:: PROBLEM STATEMENT ::
Repeat the listing exactly as given, omitting every image.

:: RECORDED DATA ::
──────
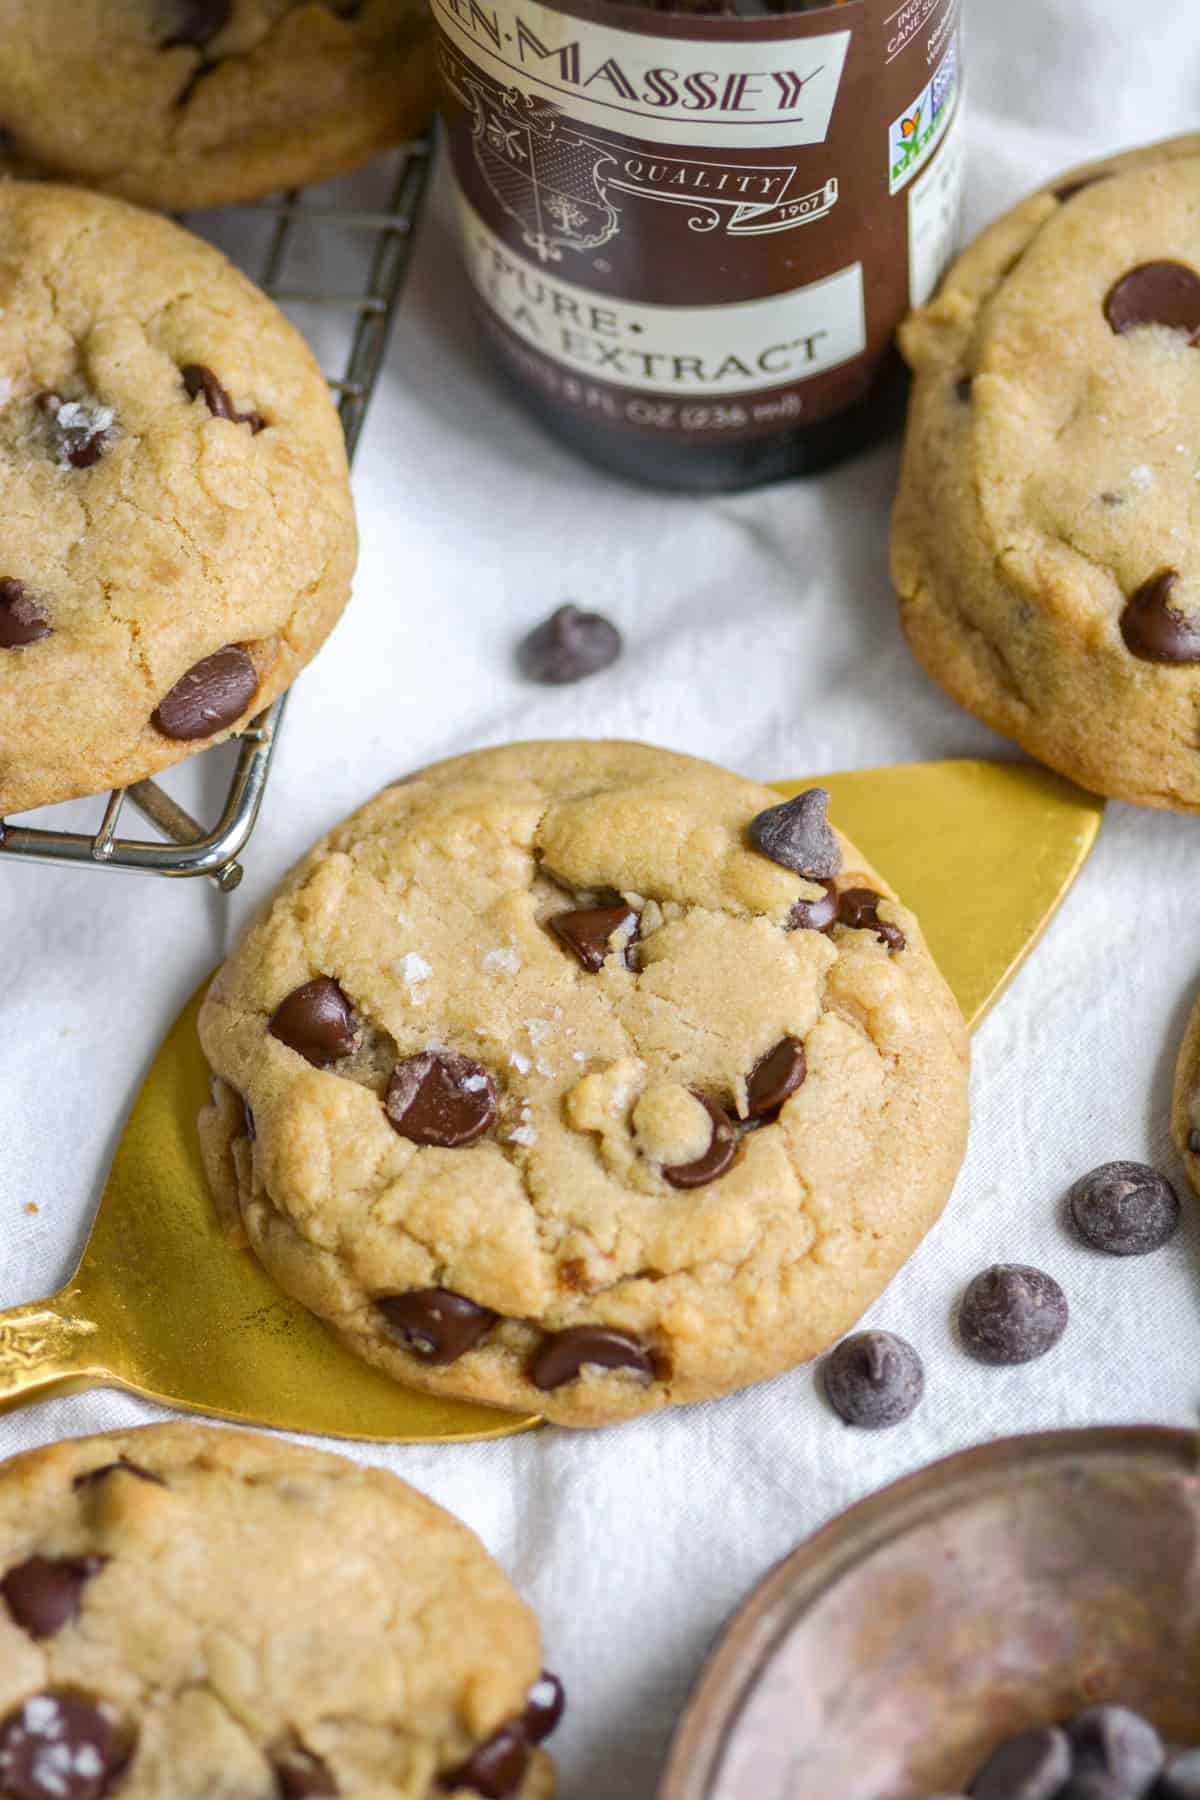 A cookie on a gold cake server with chocolate chips and more cookies in the scene.
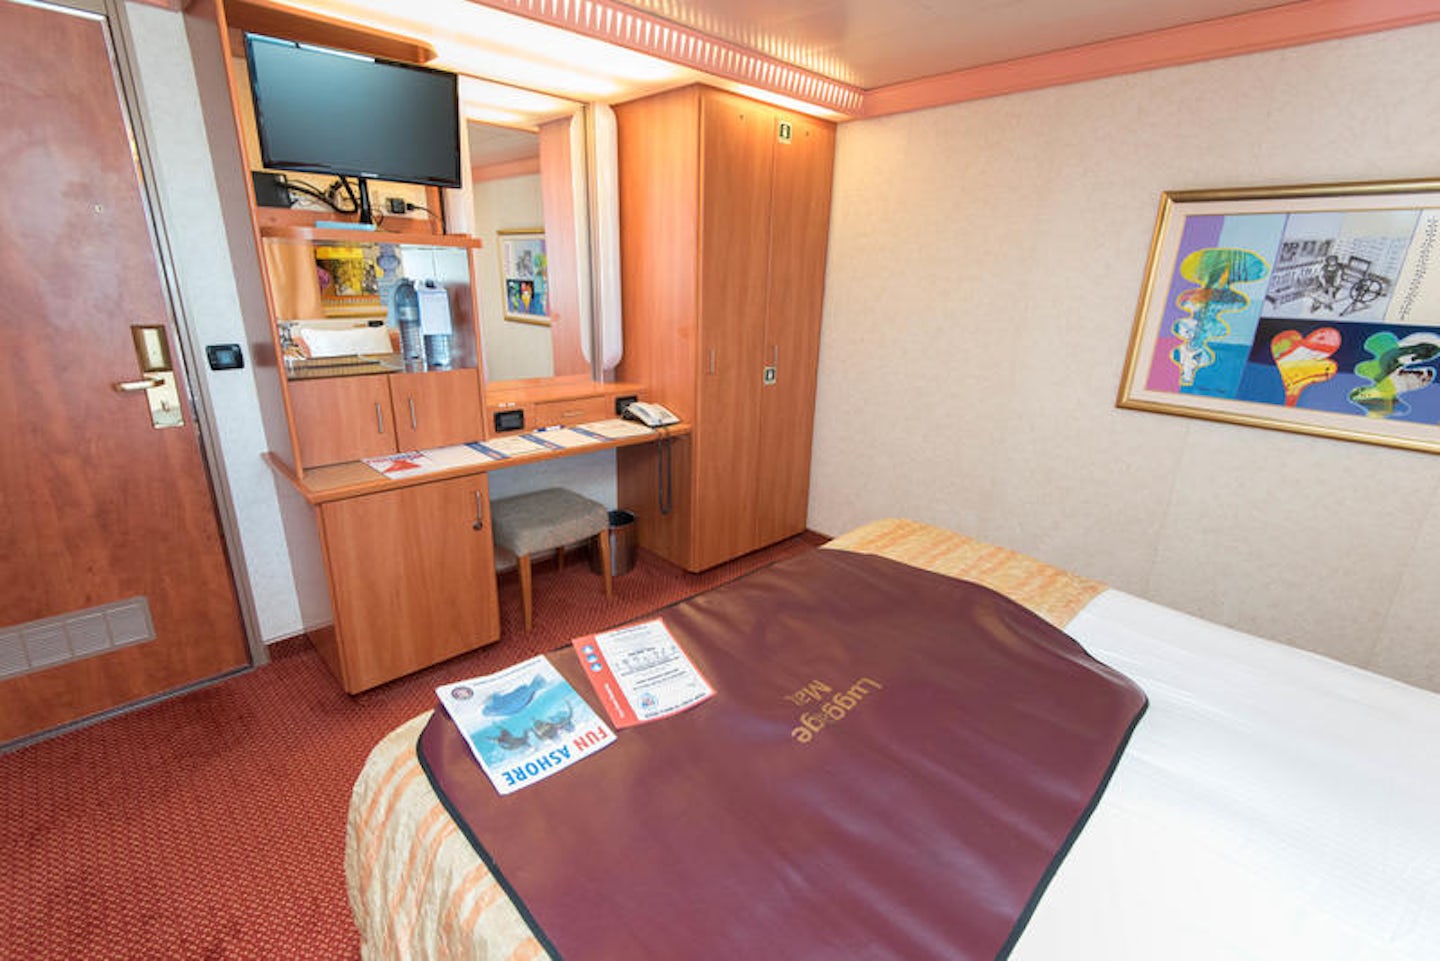 The Oceanview Cabin on Carnival Liberty
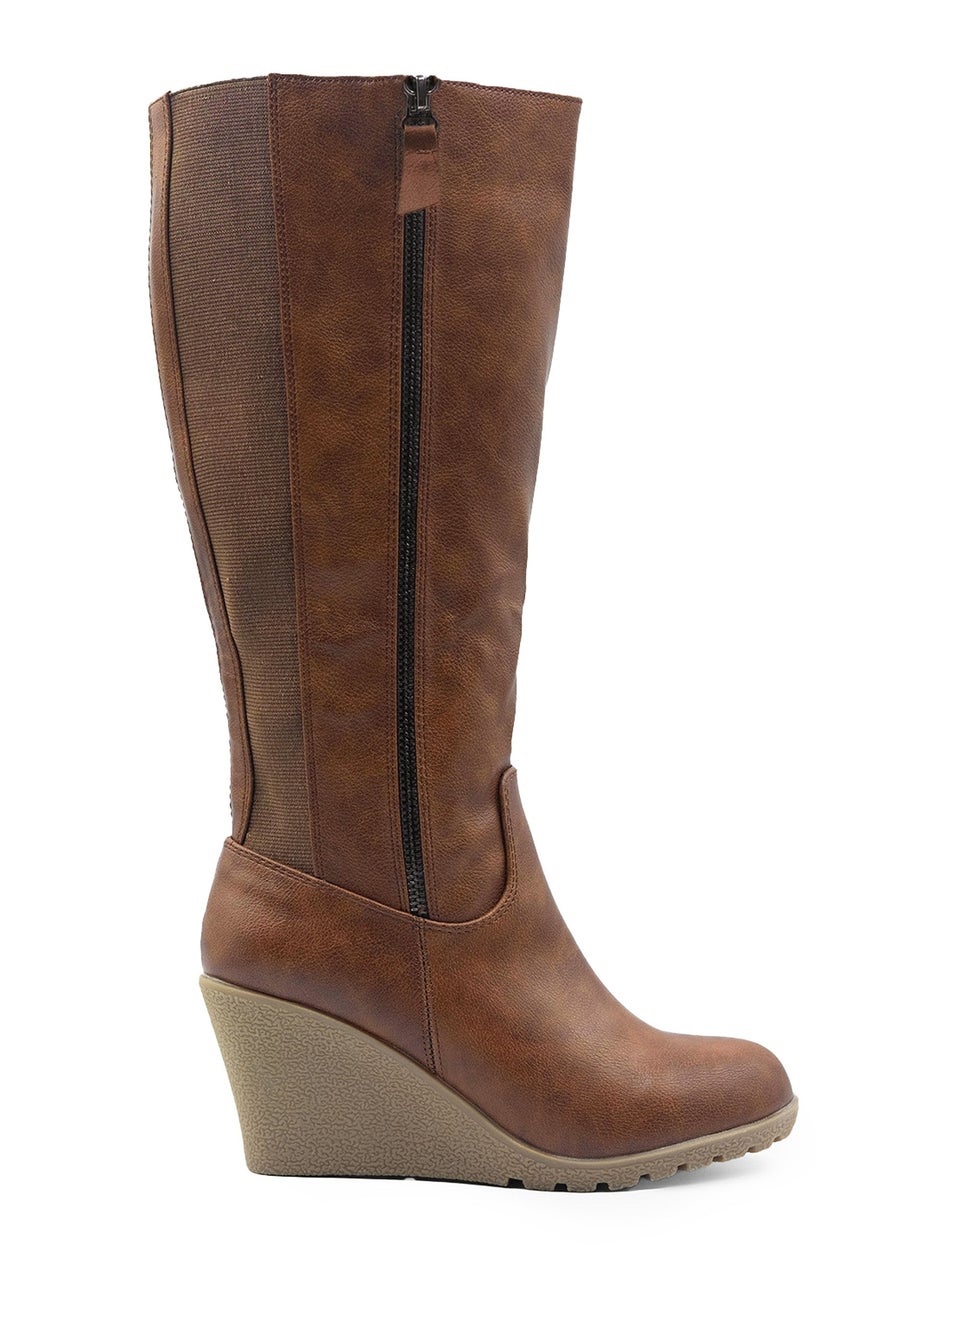 Where's That From Brown Pu Lara Mid Calf Boots
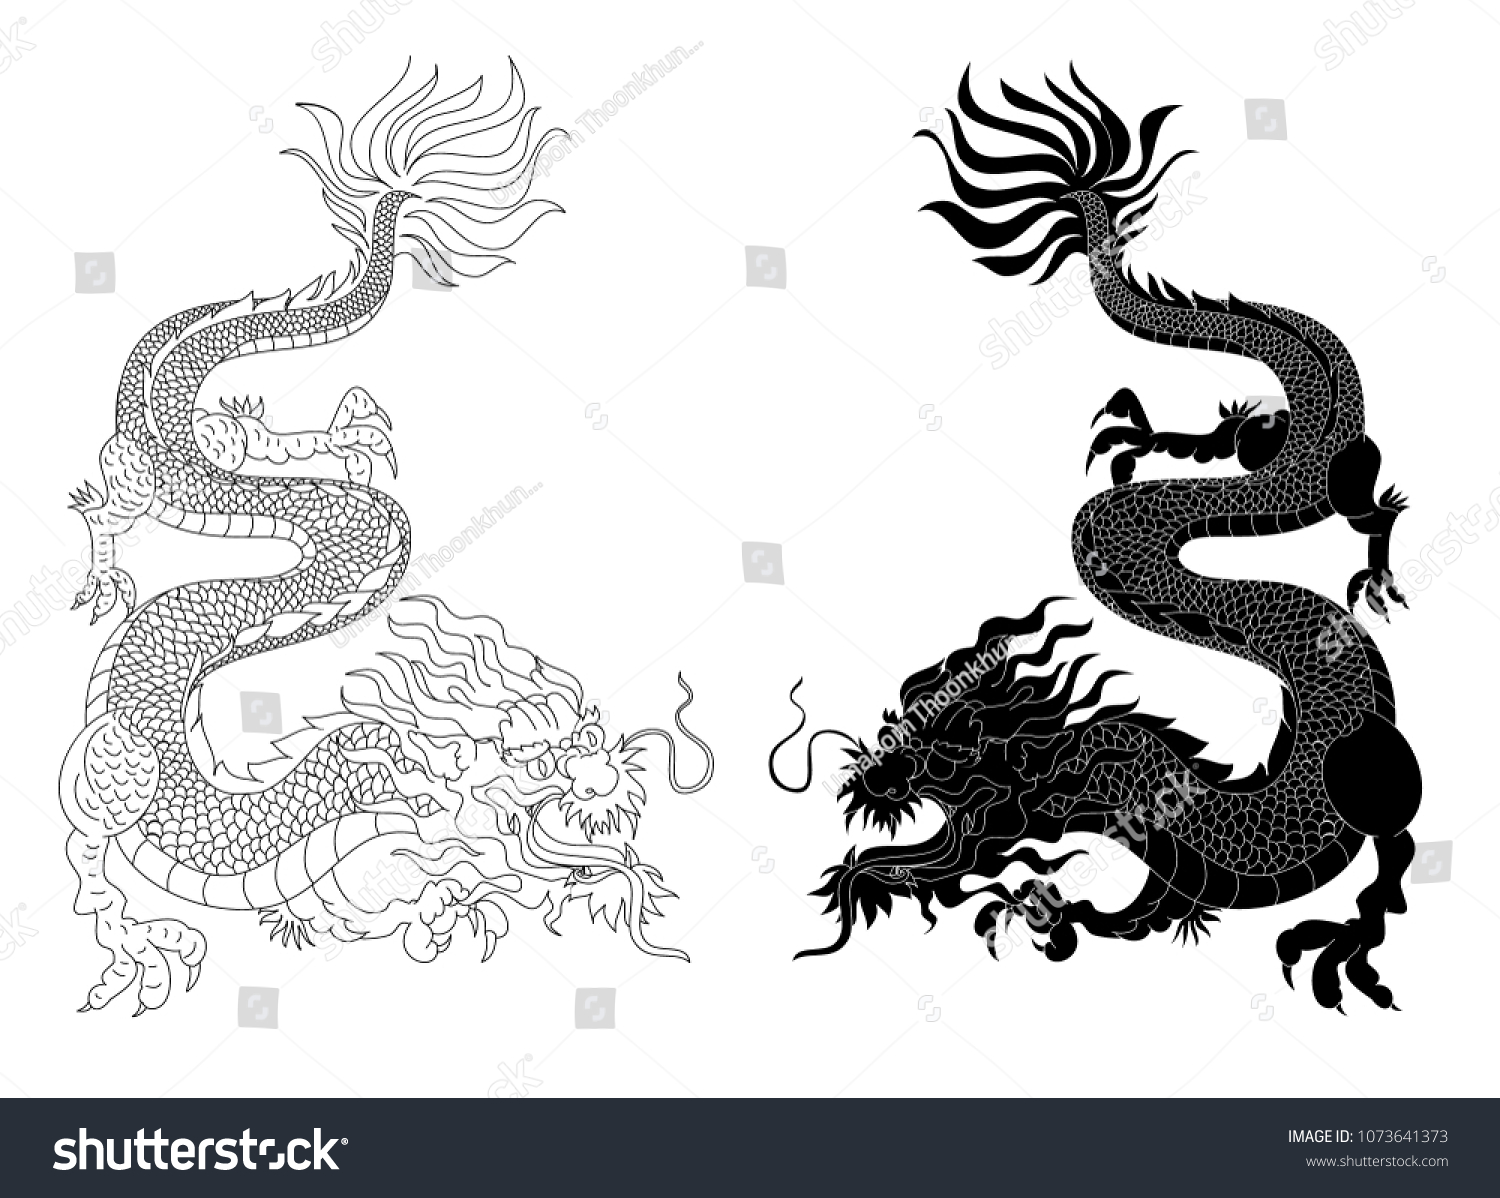 Outline Chinese Dragon Illustration Tattoo Designjapanese Stock Vector Royalty Free 1073641373
──────
:: ANSWER FOR THE TASK ::
 A cookie on a gold cake server with chocolate chips and more cookies in the scene.
 The Oceanview Cabin on Carnival Liberty
 Where's That From Brown Pu Lara Mid Calf Boots
 Outline Chinese Dragon Illustration Tattoo Designjapanese Stock Vector Royalty Free 1073641373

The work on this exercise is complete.